The Graduate Center
Founded in 1961, the Graduate Center is the doctorate-granting institution of the City University of New York (CUNY). An internationally-recognized center for advanced studies and a national model for public doctoral education, the Graduate Center offers thirty doctoral programs in the arts, humanities, social sciences, and the natural sciences, as well as a number of clinical doctorates and master's programs. Ten of the Graduate Center’s doctoral programs place among the top ten in the country, six are ranked in the top five, and in the broad category of the humanities, the Graduate Center is rated fourth according to a new method of assessing the relative strength of doctoral programs by scholarly productivity.
Many of its faculty members are among the world's leading scholars in their respective fields. The school enrolls approximately 4000 students from throughout the United States, as well as from about eighty foreign countries, and has an alumni base of about 9600. The Graduate Center also houses twenty-nine interdisciplinary research centers and institutes focused on areas of compelling social, civic, cultural, and scientific concerns.
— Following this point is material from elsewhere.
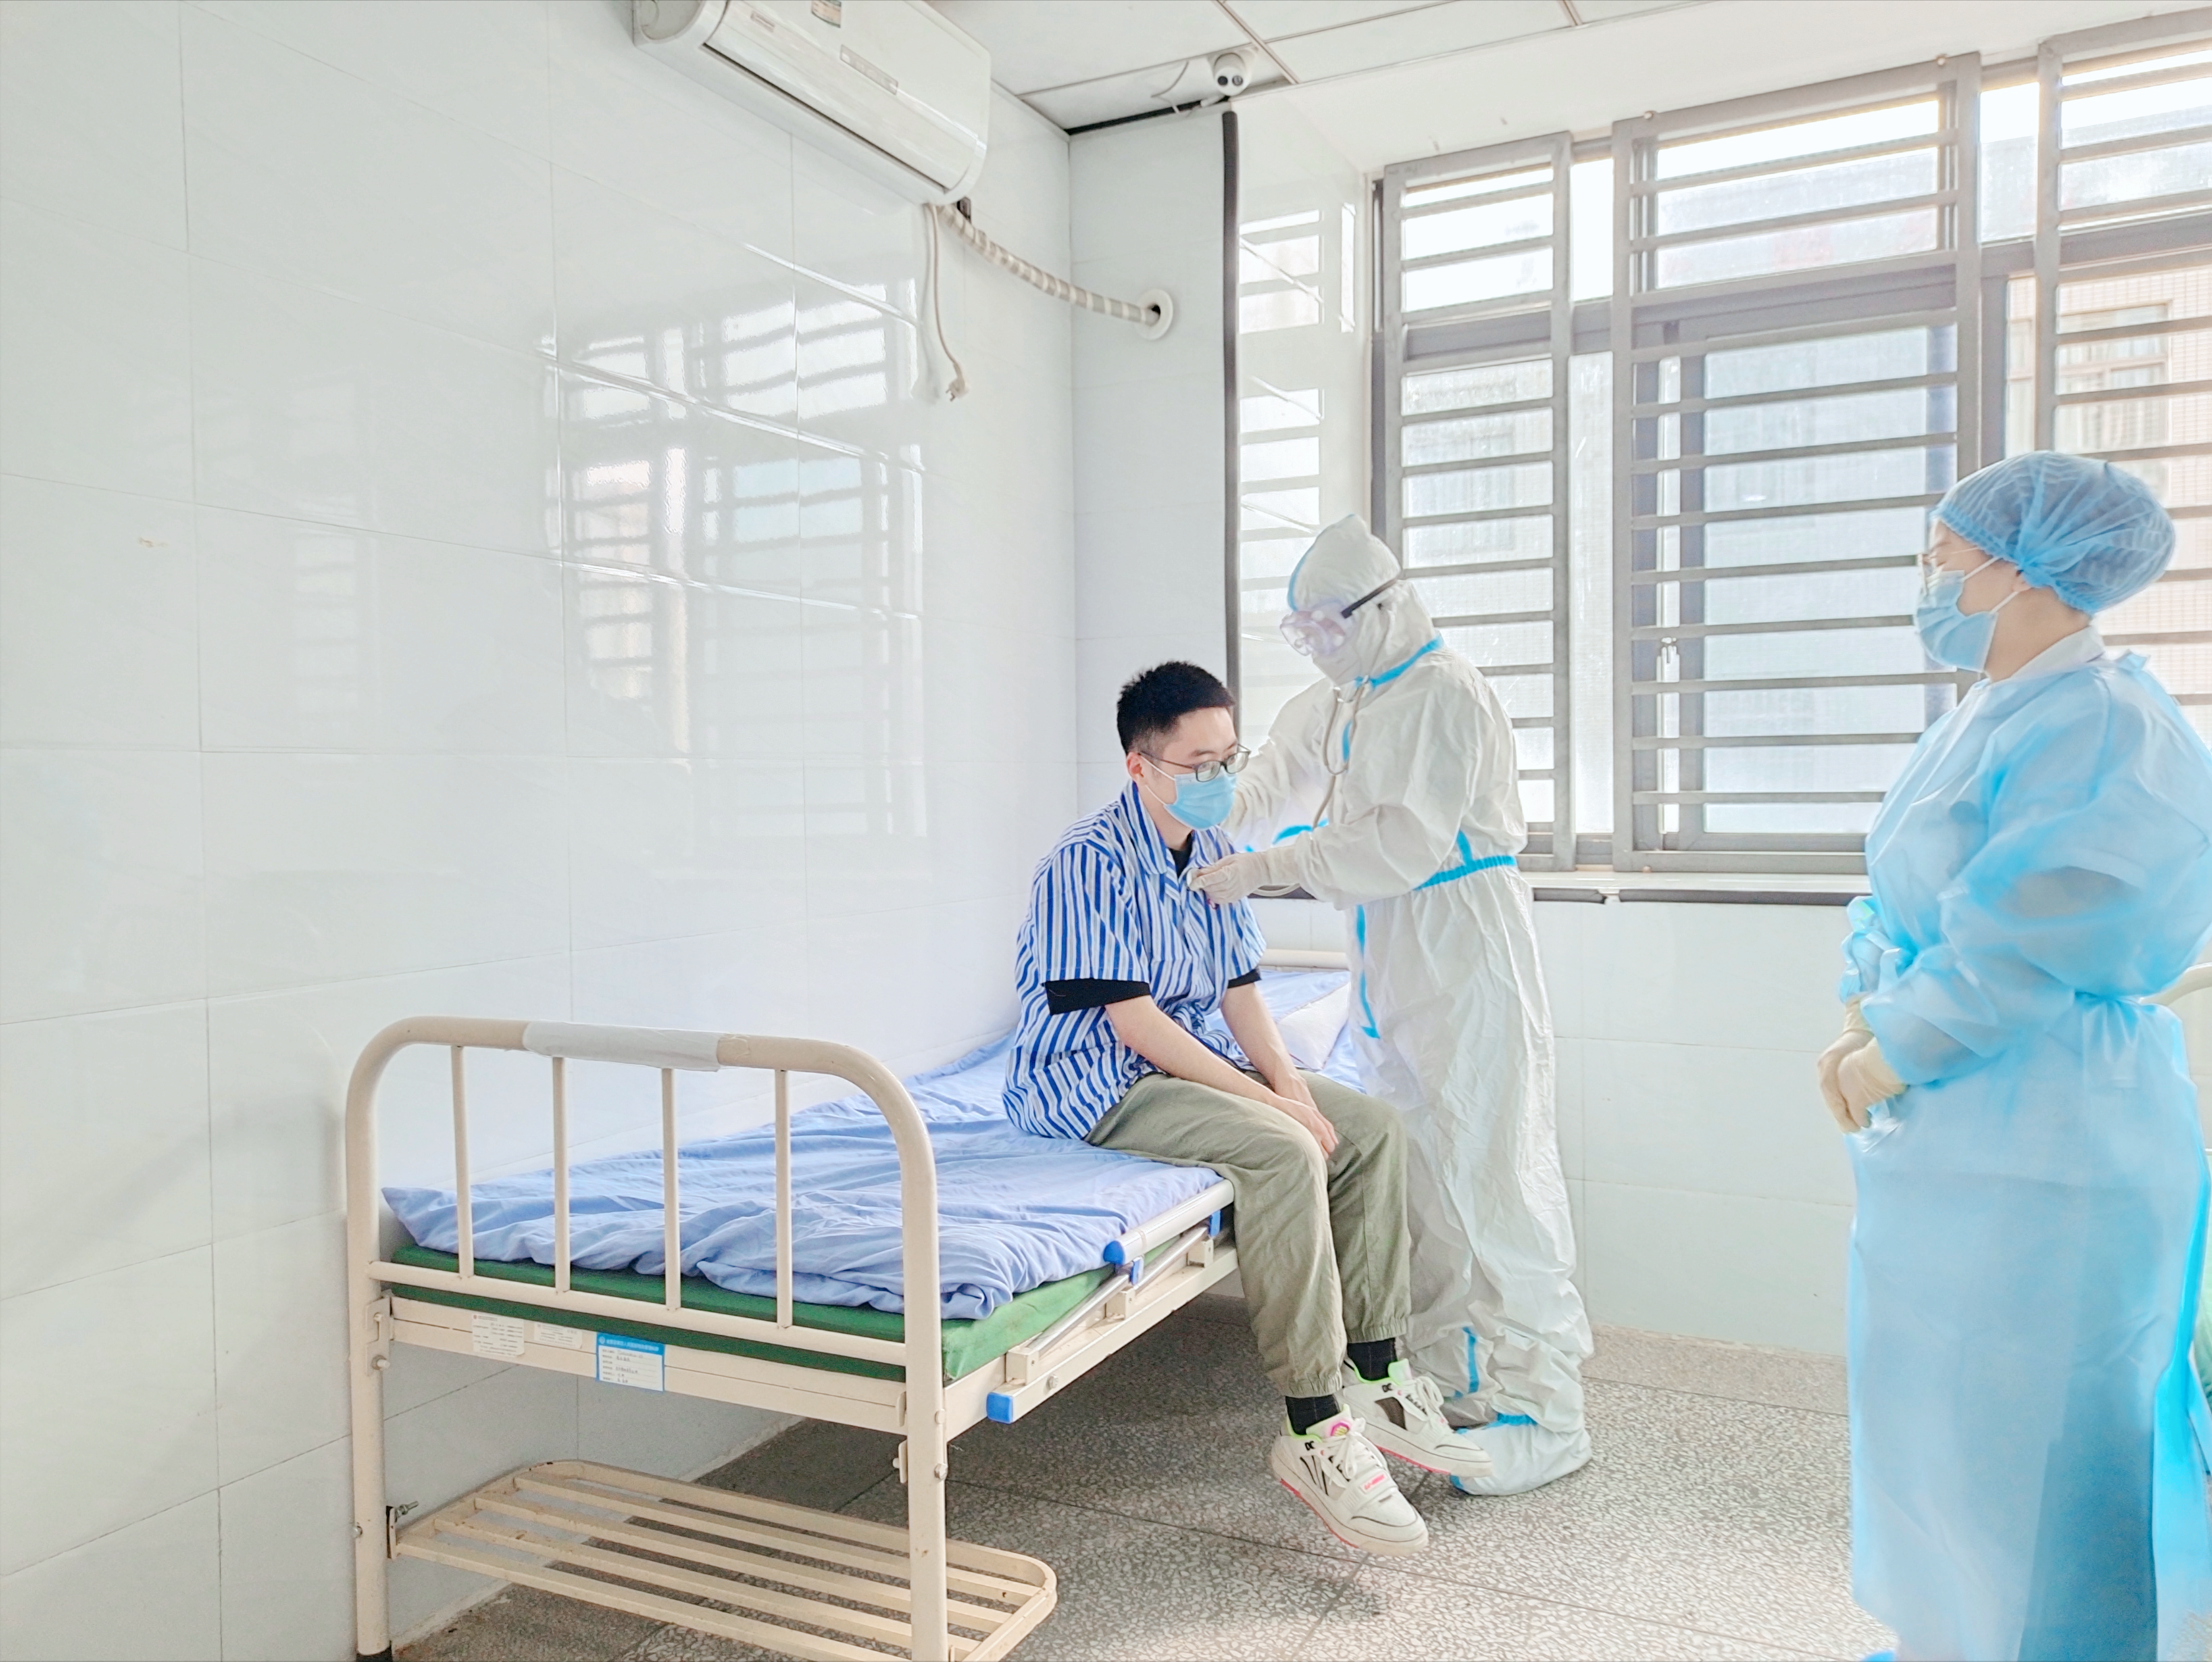 金堂县第四人民医院开展“发热患者应急处理”演练

Its nationally unique consortium of 1700 faculty members consists of a core faculty of 125 Graduate Center appointments supplemented by over 1600 additional faculty members drawn from throughout CUNY's eleven senior colleges and New York City's leading cultural and scientific institutions.
All doctoral programs are administered from the Graduate Center. Course work and research in the social sciences, humanities, and mathematics take place at the Graduate Center, as do several non laboratory science courses. However, doctoral research in laboratory sciences takes place at several CUNY college campuses, and doctoral programs in business, criminal justice, engineering, and social welfare, as well as the clinical doctoral programs, are located on particular CUNY college campuses.
Also affiliated with the Graduate Center are three University Center programs: the CUNY Baccalaureate Program through which undergraduates can earn bachelor's degrees by taking courses at any of the CUNY colleges; the CUNY School of Professional Studies and the associated Joseph S. Murphy Institute for Worker Education and Labor Studies; and the recently established CUNY Graduate School of Journalism, which offers a master's degree in journalism.
Many of the 9,600 students who have earned doctorates from the Graduate Center since 1965 are now among the leaders in our nation's teaching and research efforts, whether at universities, in the nonprofit sector, in business, or in government. By preparing a group of highly qualified professionals from diverse backgrounds to assume leadership roles in a variety of fields, the Graduate Center is filling an urgent need in the city, the state, and the nation.
Through its extensive array of public programs, the Graduate Center has become a vibrant hub of New York City’s intellectual and cultural life. These offerings are wide-ranging and include lectures, conferences, book talks, art exhibitions, concerts, dance, and theatrical events.